> [Exercise brief]: When you reach the line containing "Message us or" in the records below, start copying exactly, and stop once you have copied the line containing "#bridgeSt #somethingDifferent #castlebar".

> [Extracted data]:
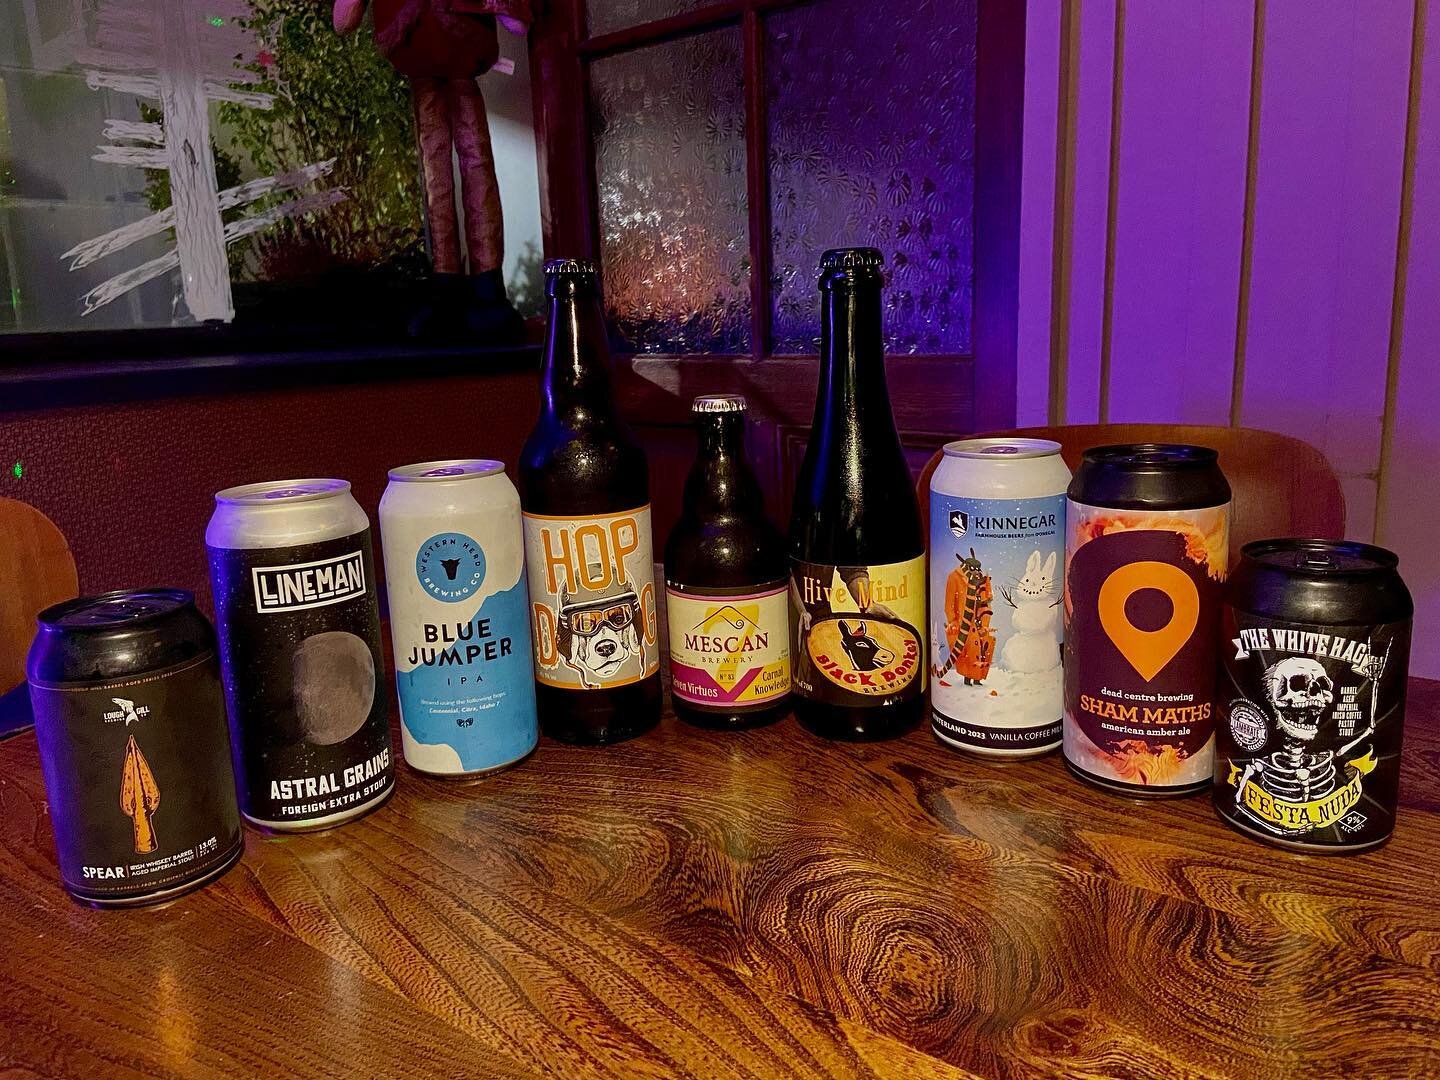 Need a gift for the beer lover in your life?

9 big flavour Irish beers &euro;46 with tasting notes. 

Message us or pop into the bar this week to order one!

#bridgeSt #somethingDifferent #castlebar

==

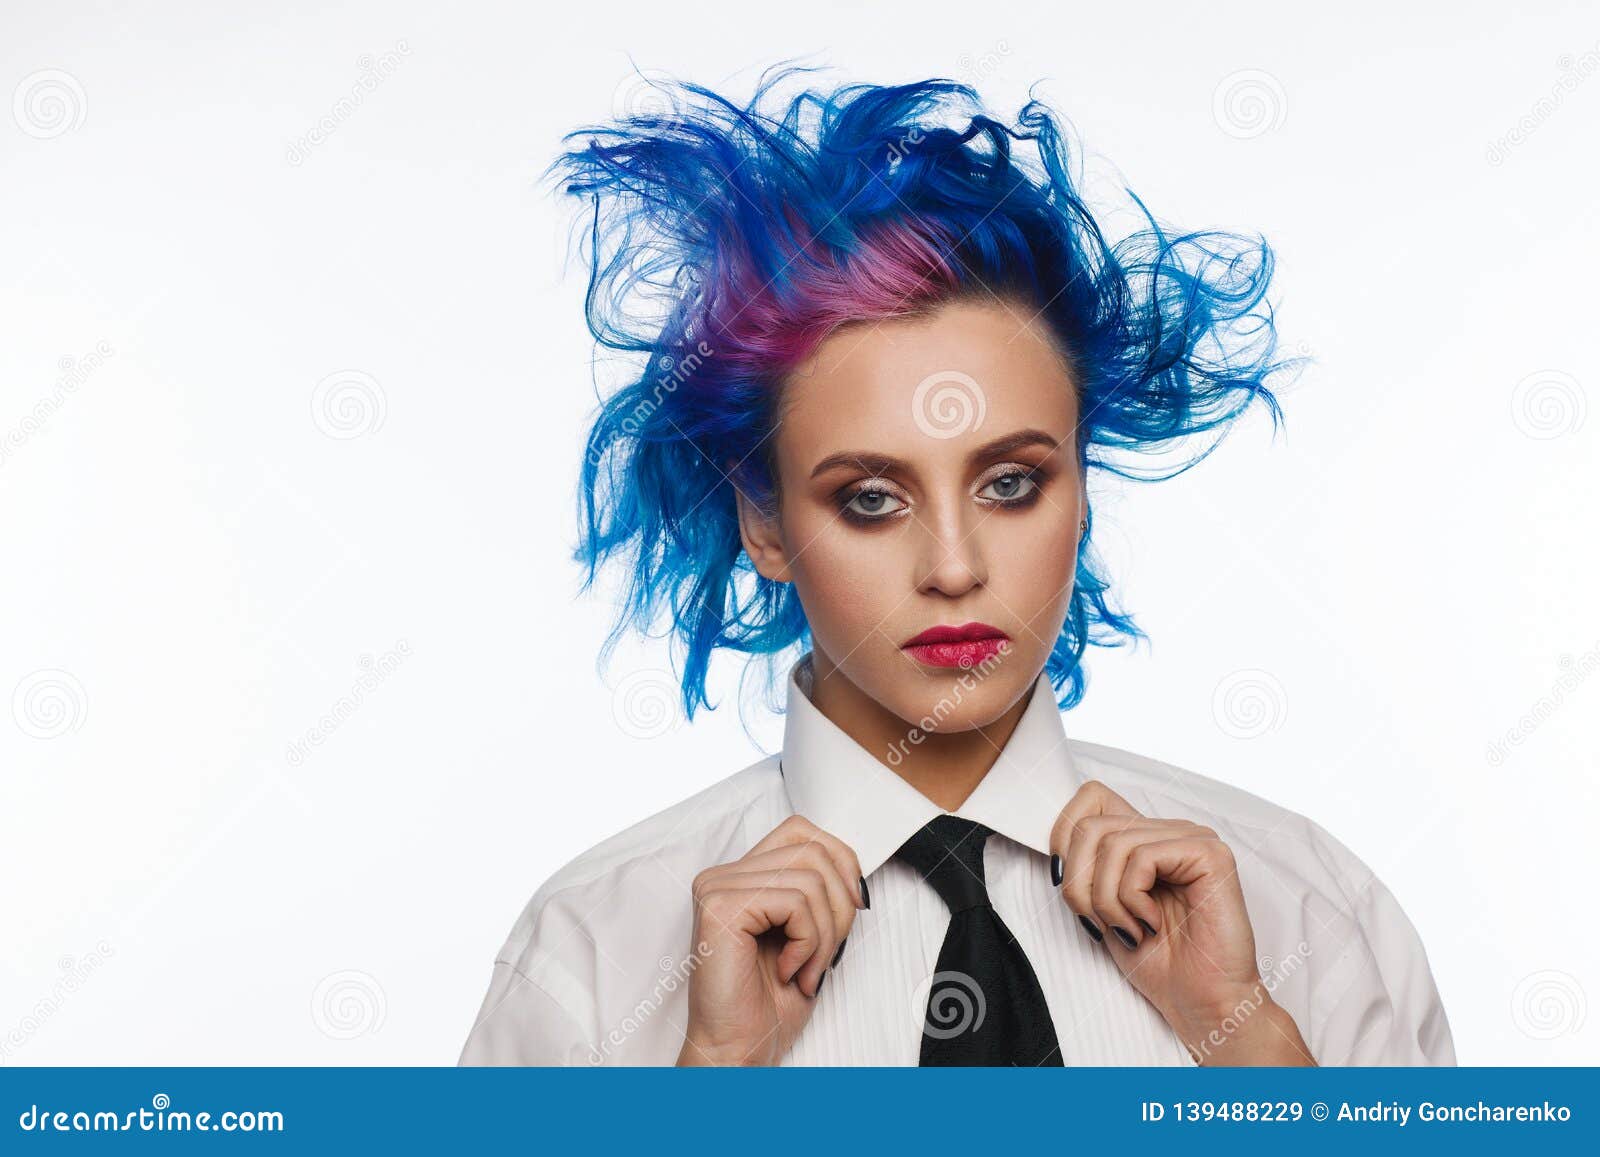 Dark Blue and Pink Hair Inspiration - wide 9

> [Task response]:
Message us or pop into the bar this week to order one!

#bridgeSt #somethingDifferent #castlebar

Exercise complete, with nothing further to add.